In Chapter 73, Vandana Shiva discusses how developed countries export toxic waste to less developed countries since it has become economically cheaper to ship the waste than pay fees within the home country to properly dispose of it. 2,000 tons of hazardous wastes were being “generated every day in India without adequate safe disposal sites,” at the time Shiva wrote the article. Shiva argues that waste disposal trends generally favor developed countries by padding their profit margins even more, while the less developed countries suffer from illnesses and deaths exacerbated by inadequate disposal sites.
In 1984, 40 tons of methyl isocyanate gas leaked from a pesticide plant in Bhopal, India, immediately killing at least 3,800 people who were living in a slum colony next to the plant. A report from the US National Library of Medicine clocked “estimates of the number of people killed in the first few days by the plume from the plant ran as high as 10,000, with 15,000 to 20,000 premature deaths reportedly occurring in the subsequent two decades.” The plant was owned by Union Carbide Corporation and was manufacturing a pesticide commonly used throughout Asia. Indian Government-controlled banks and the Indian public held a 49.1 percent stake in UCC at the time of the disaster; the company was sold to Dow Chemical in 2001.

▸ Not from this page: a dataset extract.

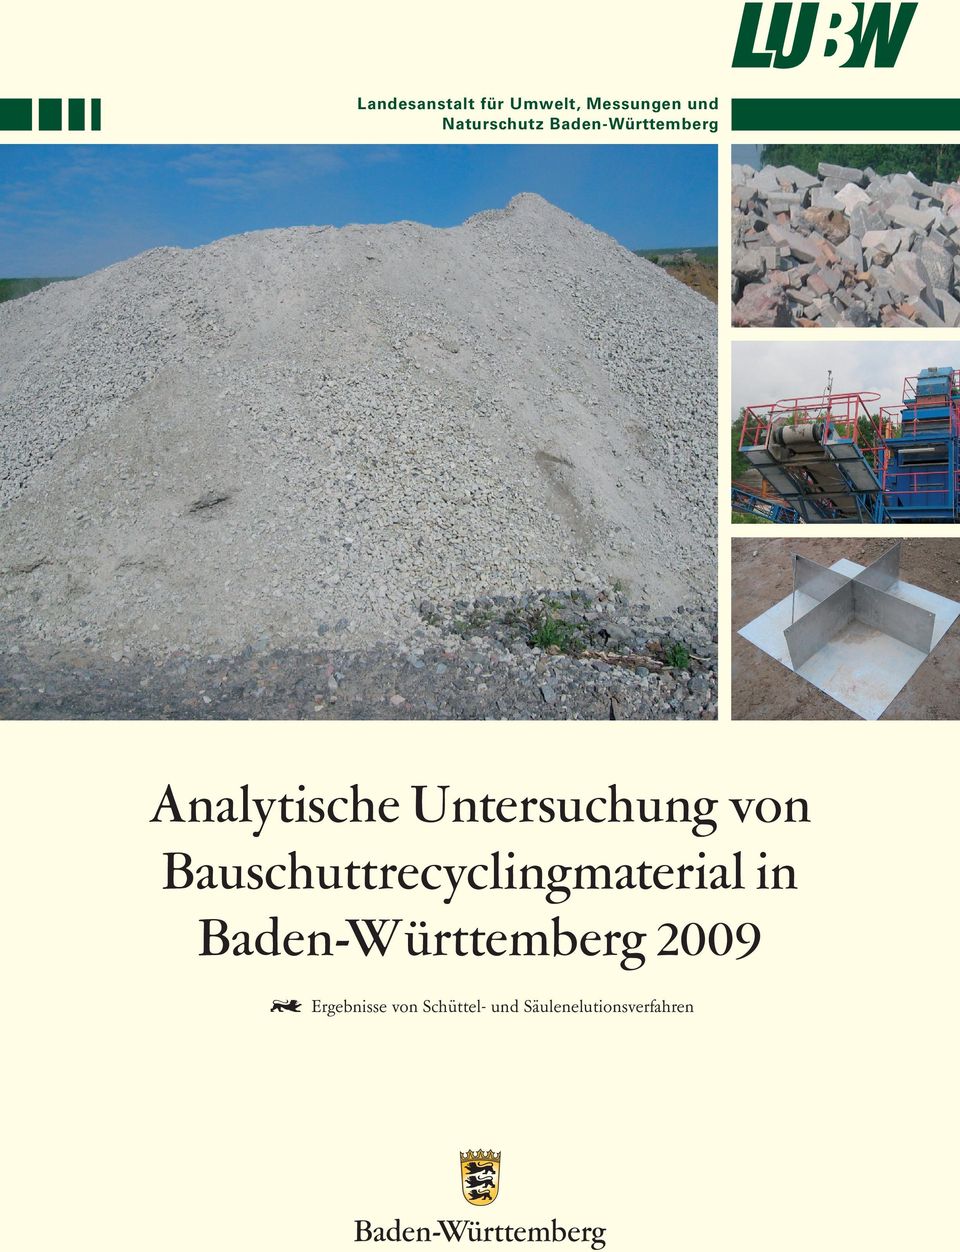 Bauschuttrecyclingmaterial in Baden-Württemberg

Almost immediately after the disaster, UCC began to distance itself from taking responsibility for the disaster. It took until 1996 to reach a settlement and until the early 2000s for the all of the $460 million to be released. It took until 2010 for former employees of UCC to be charged with negligence. Survivors argue that the efforts to clean up the site and support victims was slowed down by the Dow Chemical purchase.

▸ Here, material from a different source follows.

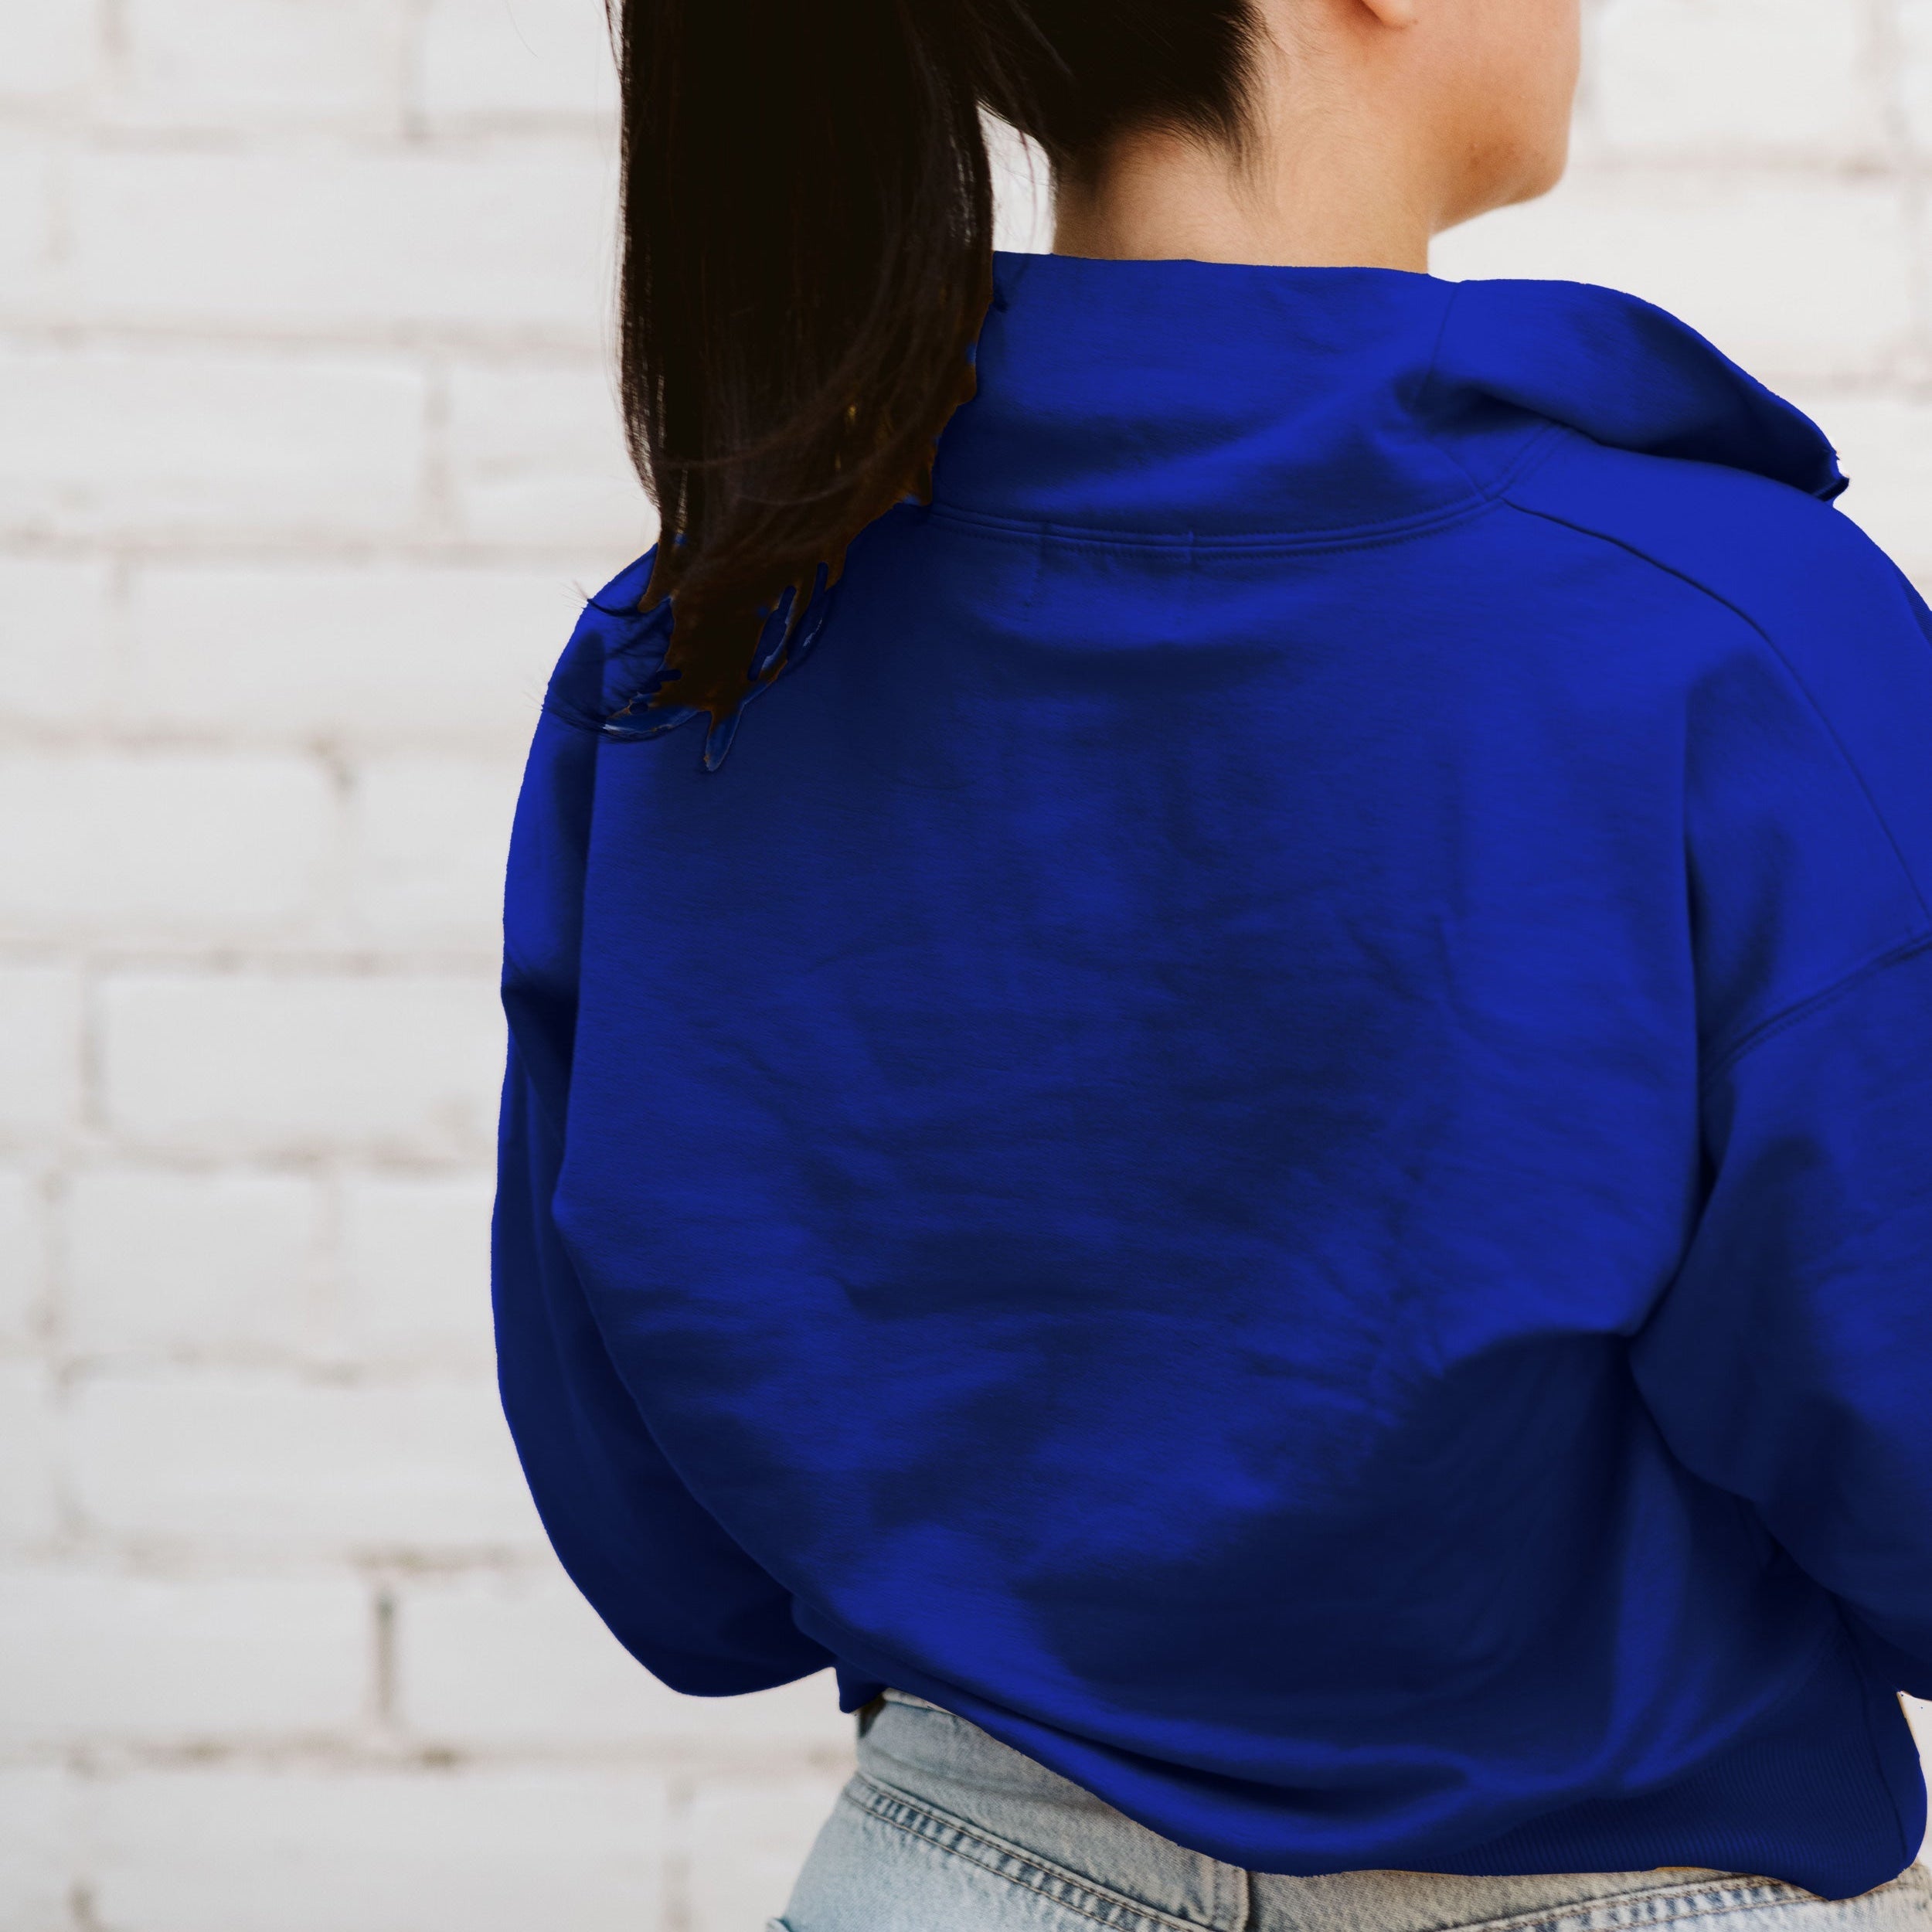 The 1/4 Zip Sweatshirt in Azure | FRANC Sustainable Clothing

The Yes-Men are a performance art group who con their way on news segments, into conferences, and other various media and pose as spokespeople for various corporations. They act out a fiction wherein corporations do the right thing for people over profits. In the case of Bophal, the Yes-Man act as a spokeperson, saying that after 20 years of ignoring victims, Dow would liquidate UCC — “this headache for the world.” UCC a $12 billion asset for Dow at the time. By liquidating the company, Dow would be able to provide “more than $500 per victim, which is all that they’ve seen.”
The clip goes on, highlighting the absurdity of a situation where thousands of people died due to corporate negligence and thousands more people continued to suffer due to corporate indifference and lack of accountability. Through the act of performance art with an added dash of humor and irreverence, the Yes-Men effectively expose corrupt corporate practices by imagining an alternative, non-corrupt reality. The alternative reality forces us to look more critically at how corporations are actually acting.